Tuesday, January 8, 2013

My Website Is Not a Blog (but why not?)


I’ve always been adamant that I am not a blogger.  “You have a blog, right?" “I have a website where I write about music but it’s not a blog really. It’s more of an online magazine. There’s no commenting, the articles are longer, I try to think them out more.” ”Hmm…Ok.”.  

For at least three years I’ve considered writing a piece for my website titled “Erasingclouds is NOT a Blog”, but every time I started thinking it out it seemed too bitter, too anachronistic, too narcissistic. Besides, since I’ve managed to update the site only a handful of times during the last two years, why would anyone want to hear my thought process on what I’m not doing? Just do the thing, for chrissakes.

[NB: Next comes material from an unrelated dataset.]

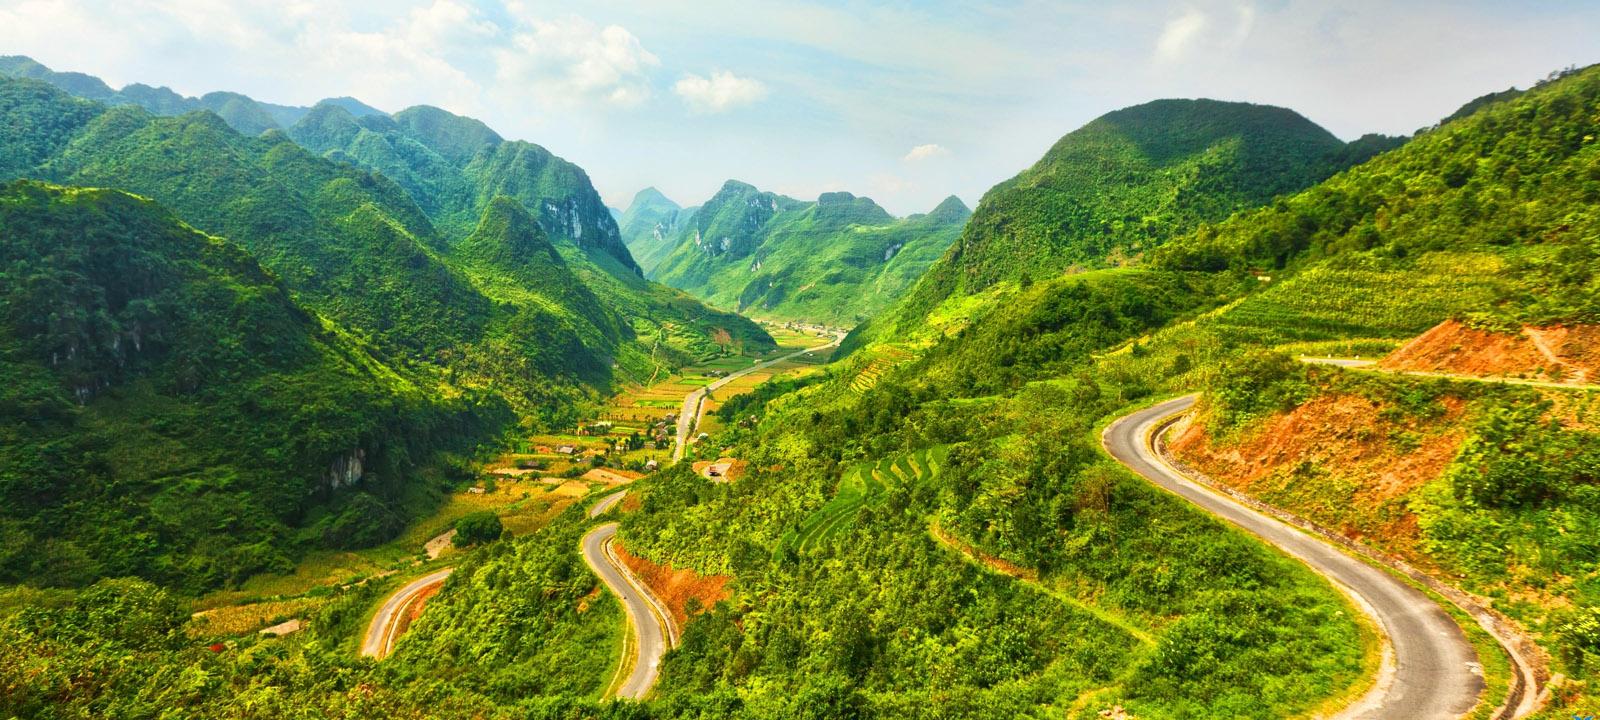 Quand partir à Ha Giang ?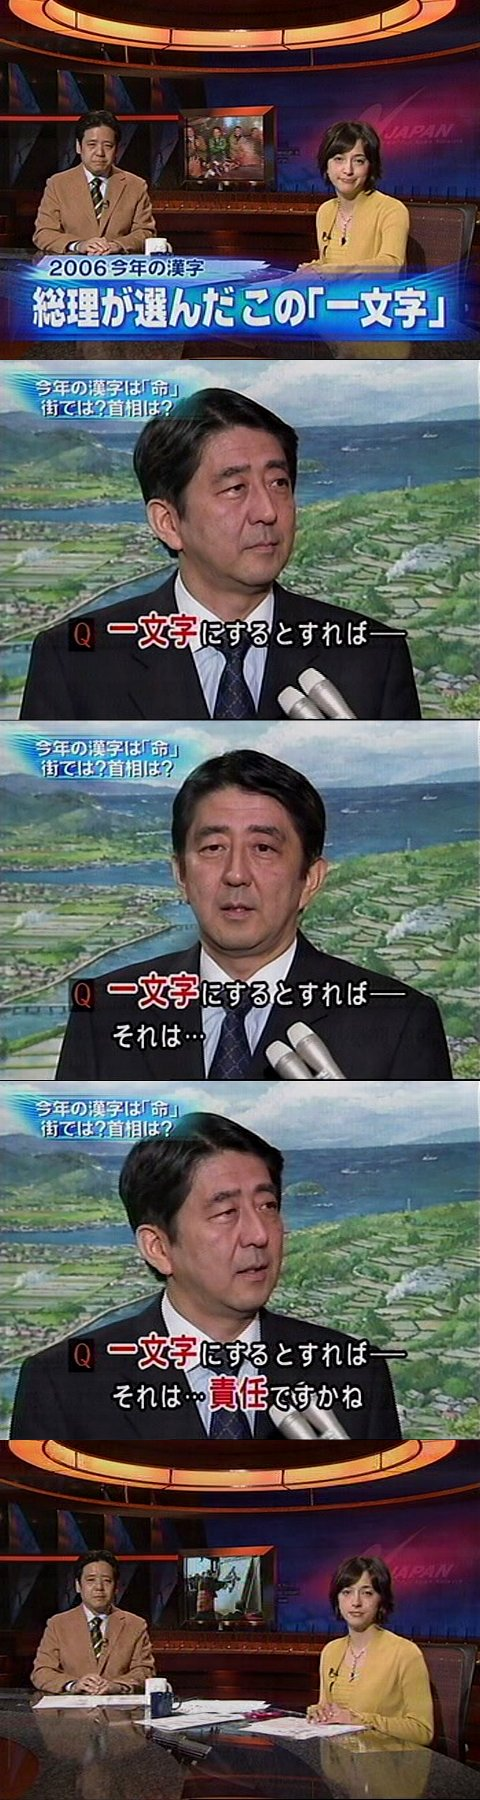 面白画像 聞いてます? 2006年に安倍首相が選んだ今年の「一文字」(笑)tvmovie_0033

My main issue with music blogs is that I’ve read too many (most of them, it sometimes seems) that just put up a links to a song and write a few not especially thoughtful sentences about it. I also collapse the rise of blogs together with some general negative trends I see in music writing: listening to an album just once or twice before writing about it, focusing exclusively on finding the newest thing (and then forgetting about it a year later, when it’s no longer the newest), not taking the time to understand the historical context for music before making declarative statements about it, not listening closely enough, and getting too swayed by hype/buzz/trends.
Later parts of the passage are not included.